We also see that people with a lower income and who are unemployed attend religious meetings more often, and we find an enduring effect of growing up in times of war. In summary, the results of our study suggest that personal and societal insecurities play a crucial role in explaining cross-national variation in religious attendance.

This isn’t too surprising of a finding, it has cropped up elsewhere. It offers up avenues for naive theorizing about how the welfare state serves as a substitute for organized religion. As Tom notes institutional affiliation & attendance does not track religious belief perfectly; there is a tendency in many societies for those of higher socioeconomic status to exhibit more fidelity in terms of religious attendance & affiliation, but less in belief.

What I’m interested in is connecting this to the earllier finding that material wealth is not very heritable among hunter-gatherers, and, not very heritable in some modern nations (such as Scandinavia). As I have said hundreds of times, one model which I believe needs to be examined closely is that the 5-10,000 year period between the rise of agriculture, and its subsequent fall within the last few decades as the primary activity of the human species, has had a critical role in shaping human cultures. Richard Dawkins occasionally makes reference to “Bronze Age Religions,” but what he really means are the religions which arose in the world of agriculturally based polities characterized by a tiny elite controlling large numbers of peasants. I suspect that many of the institutions which we take for granted as “normal” arose specifically to meet challenges relevant to the world of the peasant and his rent-seeking overlord.

The last 200 years in the West had seem a shift back toward a more equitable distribution of income, as unskilled laborers have closed the gap with those at the top of the skill & economic pyramid, at least until the 1970s. There has also been a democratization of political power, and at least a rhetorical shift toward an acknowledgement of the idea of egalitarianism. And so we have seen an “unwinding” of the positions which many institutions which arose during the pre-modern once had over our lives, from the church, to the authority of clans headed by the paterfamilias, and even the primacy of the man over the woman.

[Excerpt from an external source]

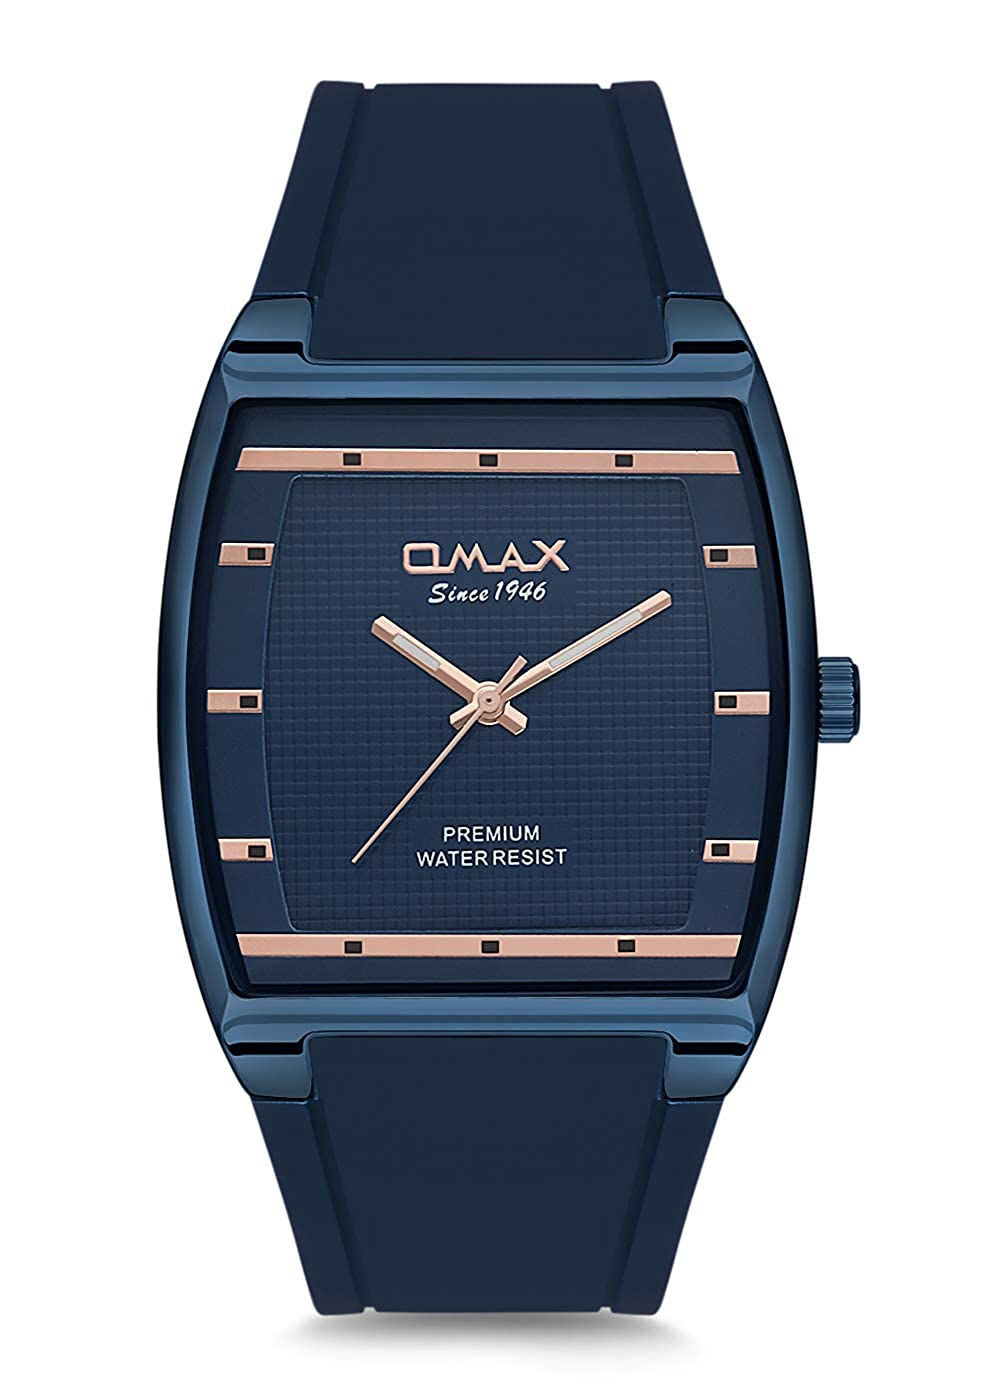 Часы omax quartz. OMAX since 1946. Часы OMAX D-006. Часы OMAX since 1946 Quartz Water resist мужские. OMAX since 1946 Quartz Water resist.

This does not mean that we live in Utopia. Not only is the post-industrial world radically different from anything hunter-gatherers would have faced, but the world before agriculture was likely quite nasty and brutish in its own ways. The collapse of the power of broad-based institutional religions which tied together massive polities into fictive kinship units may not lead us down the path to scientific materialism. Rather, it seems entirely likely that supernaturalism is rooted in the age of the hunter-gatherer,. With melting of the structure of institutional religions, supernaturalism may well flower and bloom in a more decentralized and “bottom-up” fashion. We lay at the cusp of the transition into an age of social and cultural innovation like no other. Interesting times.